● **Given information**
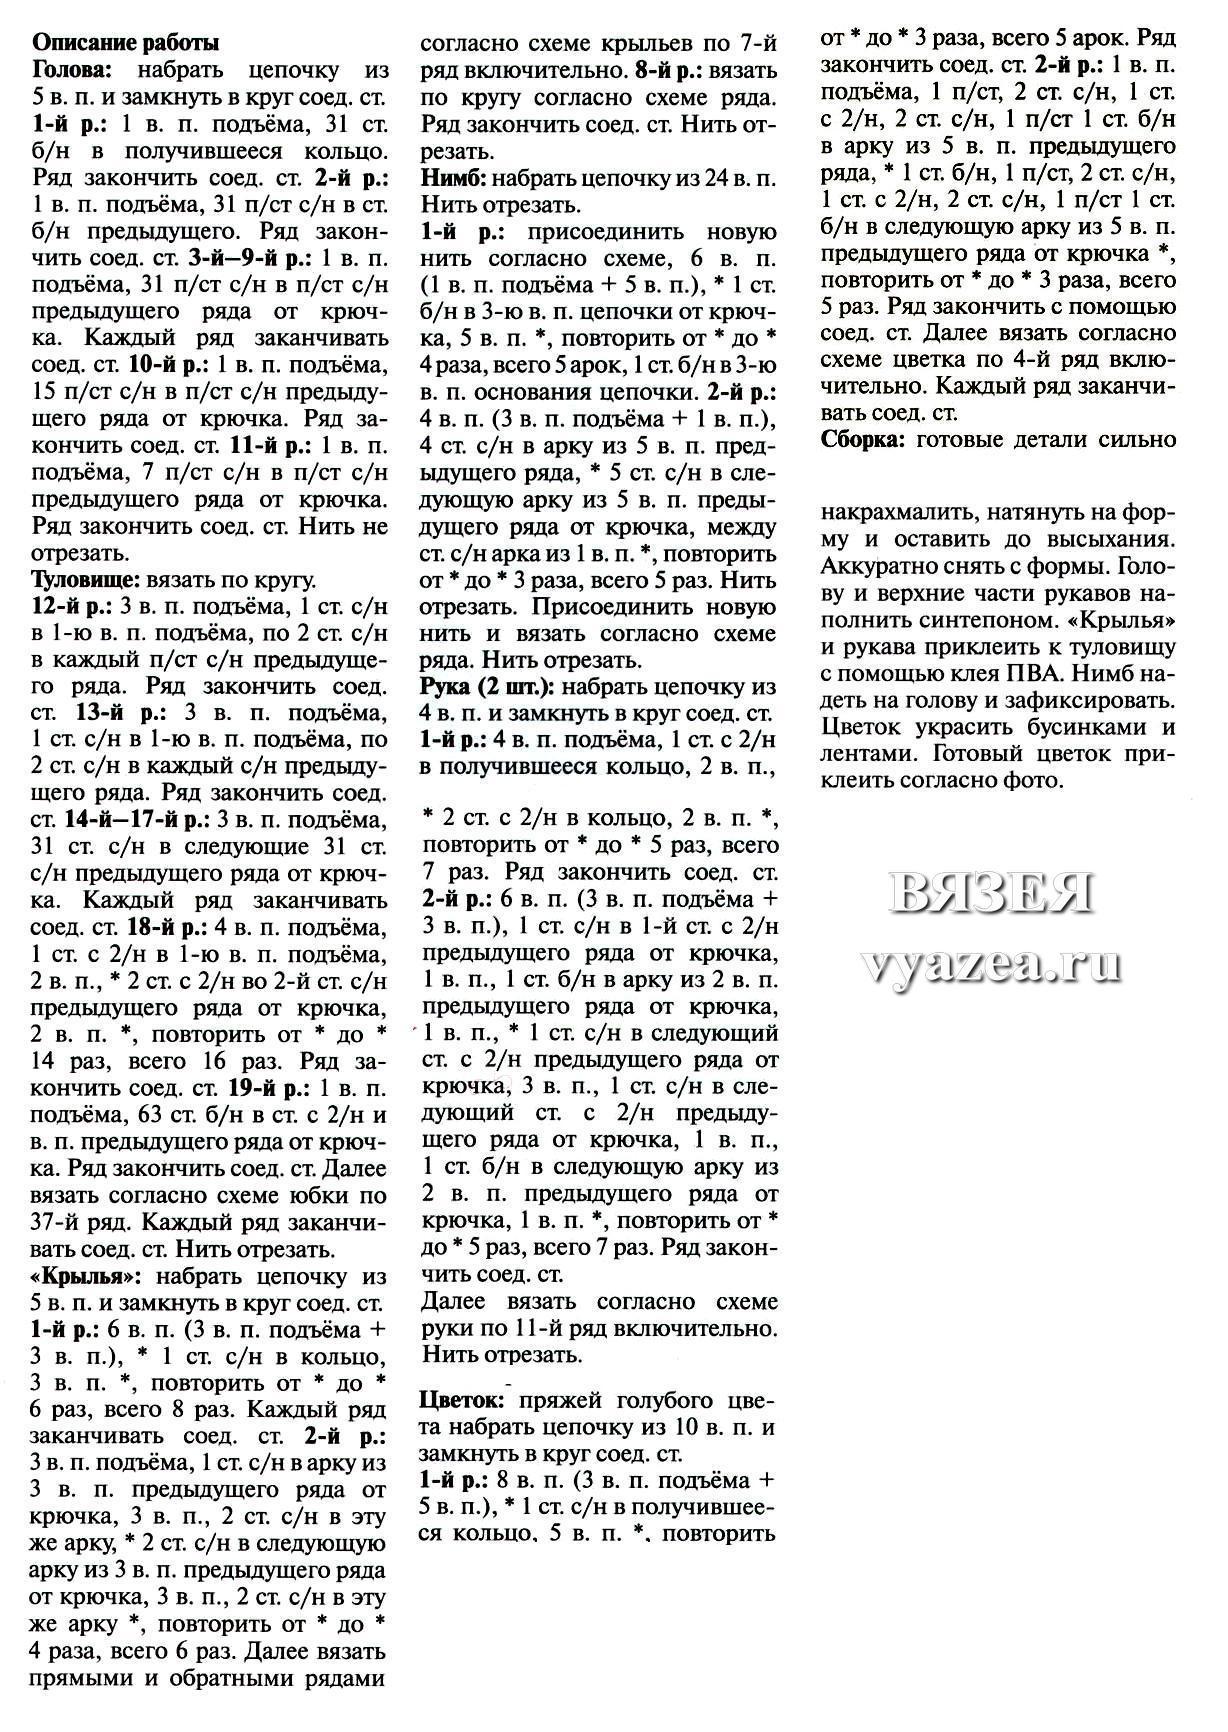 http://vyazea.ru/novog/cxema15(2).jpg
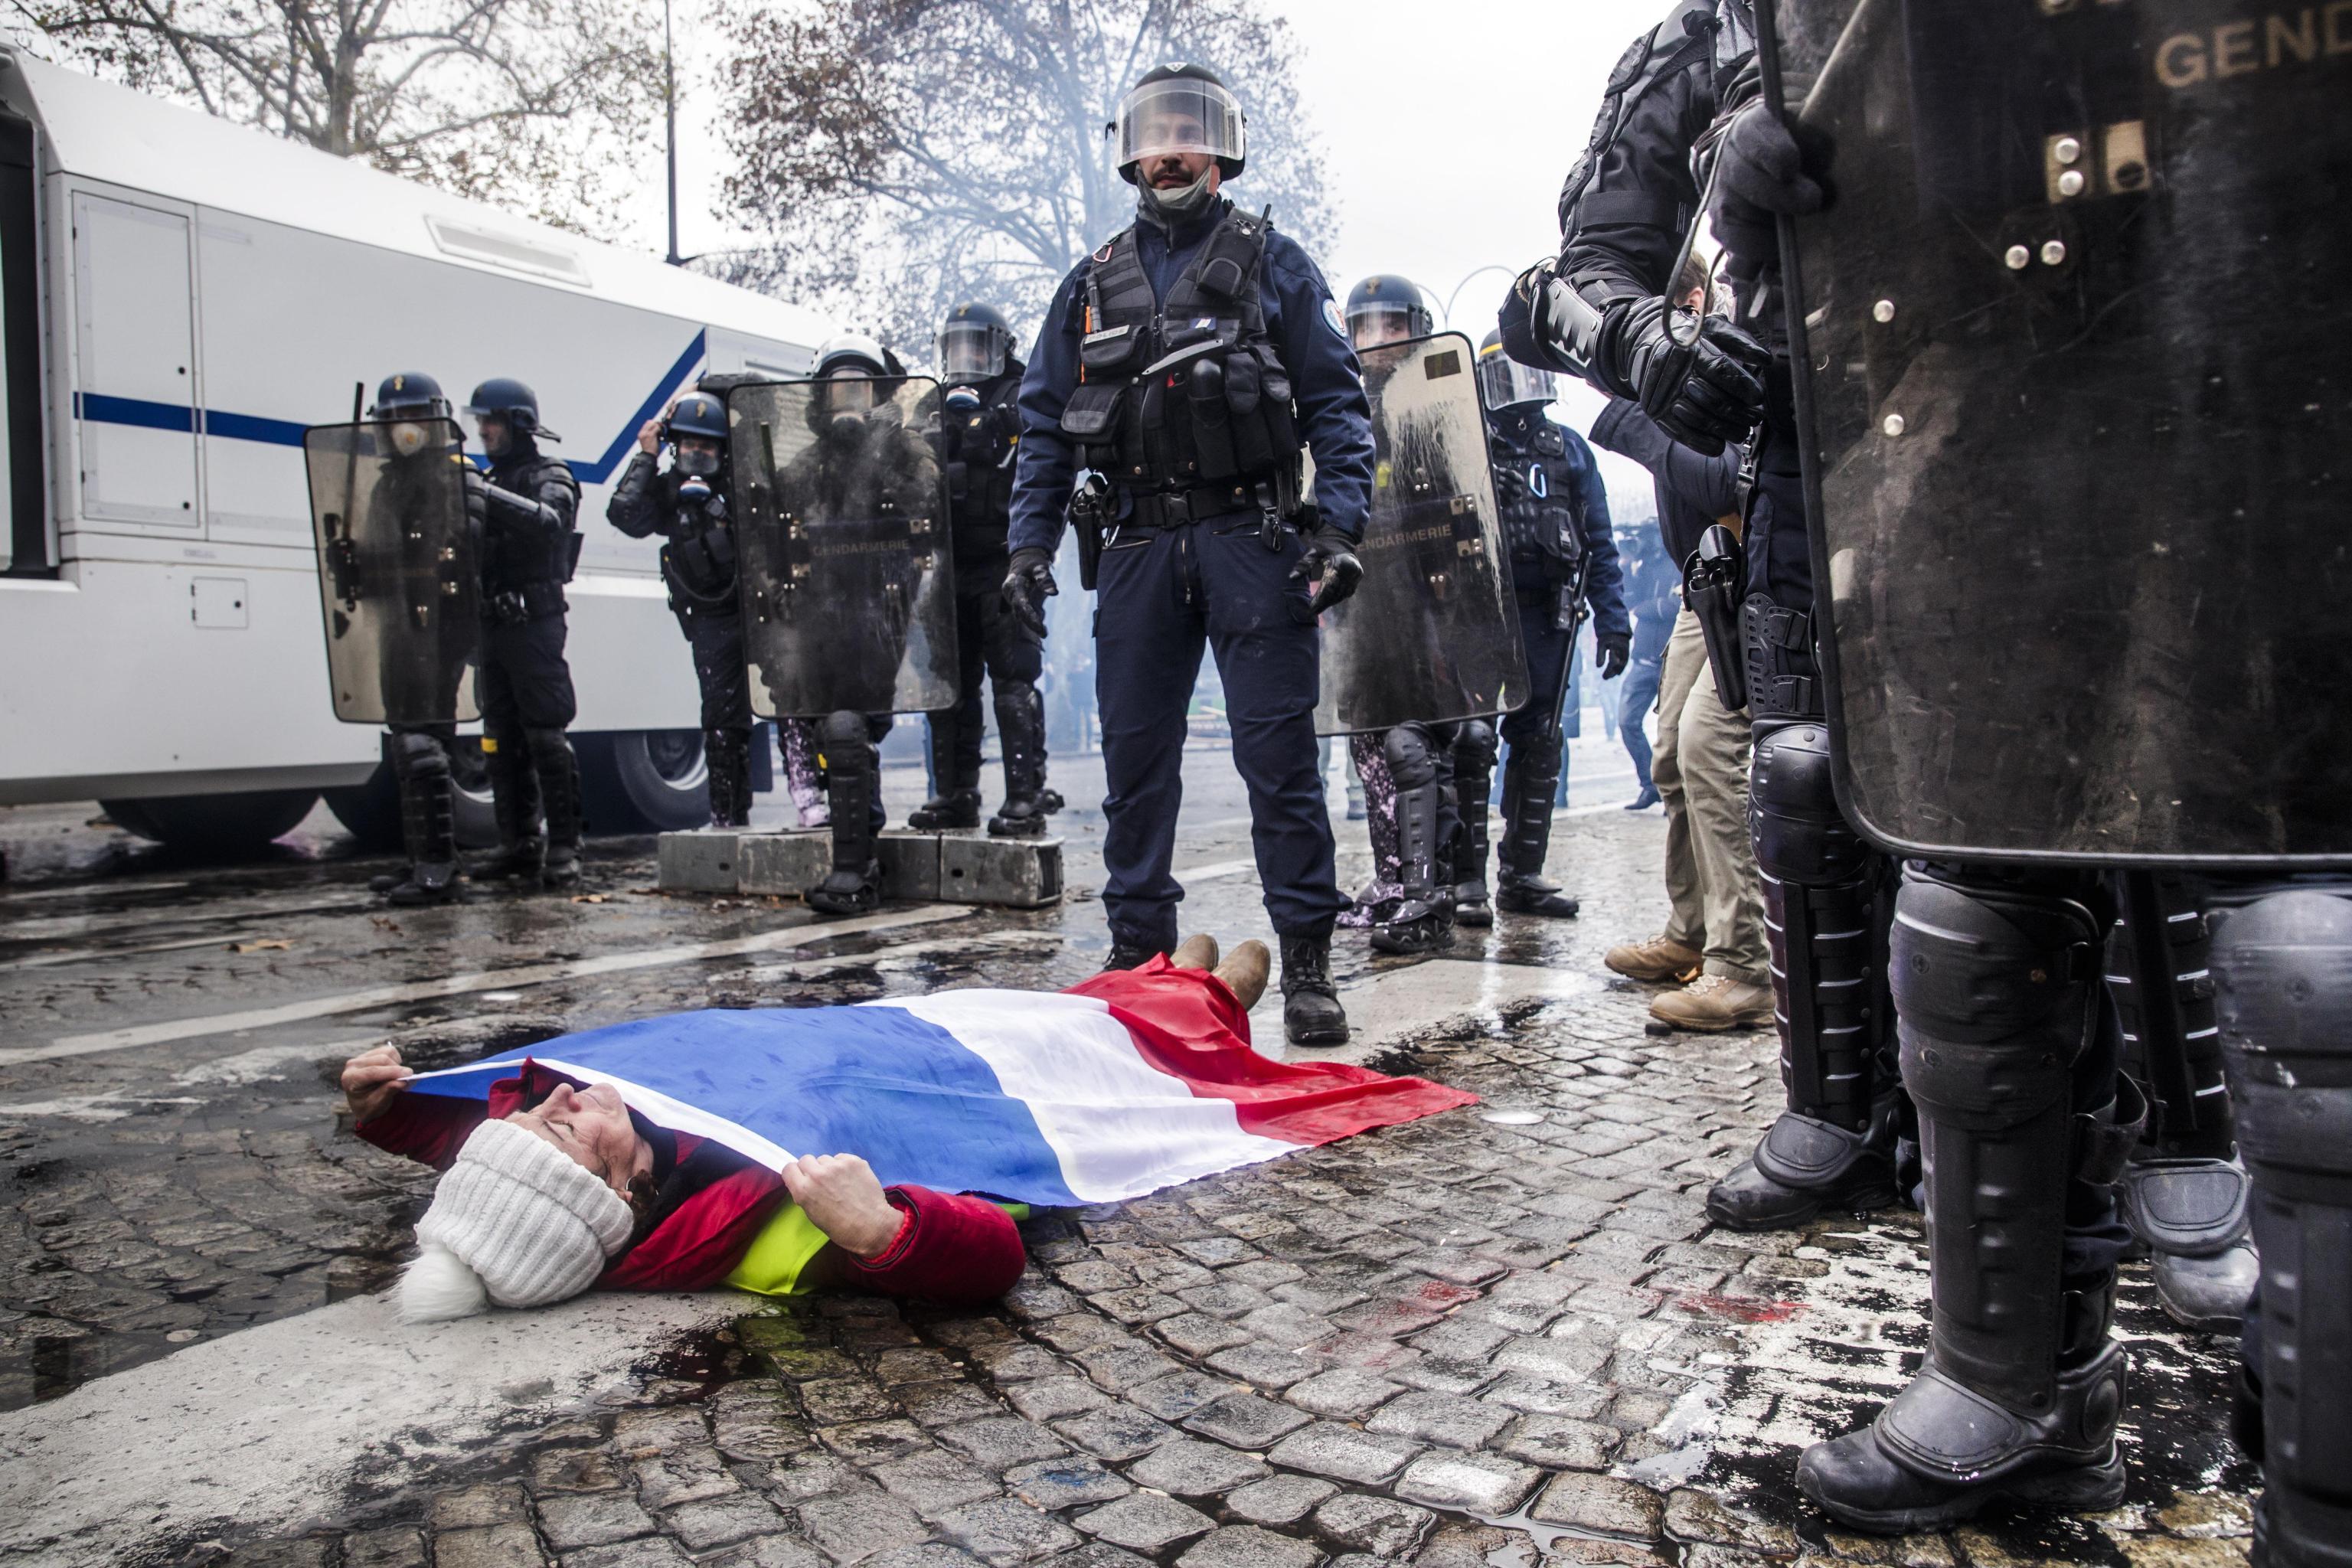 Una manifestante stesa a terra di fronte alla polizia il 24 novembre 2018
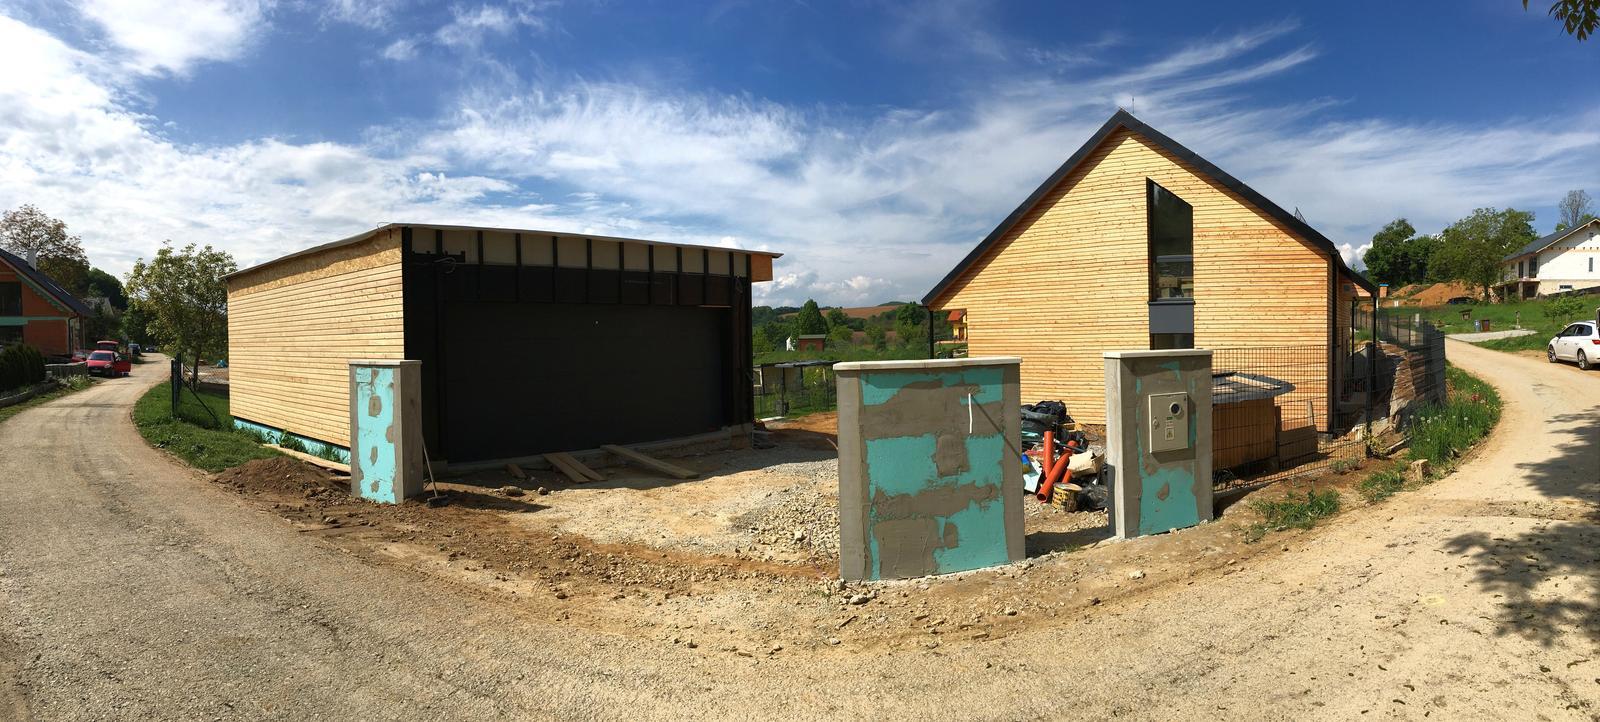 Nový dom v starom sade - Aspoň vonku mierny pokrok, obkladá sa garáž a príprava na bráničku a bránu hotová. Na garáži bude zelená strecha

● **Brief**
Reproduce word for word the lines from the one containing "Una manifestante stesa" through the end of the data, both ends kept. Drop the pictures.

● **Task result**
 Una manifestante stesa a terra di fronte alla polizia il 24 novembre 2018
 Nový dom v starom sade - Aspoň vonku mierny pokrok, obkladá sa garáž a príprava na bráničku a bránu hotová. Na garáži bude zelená strecha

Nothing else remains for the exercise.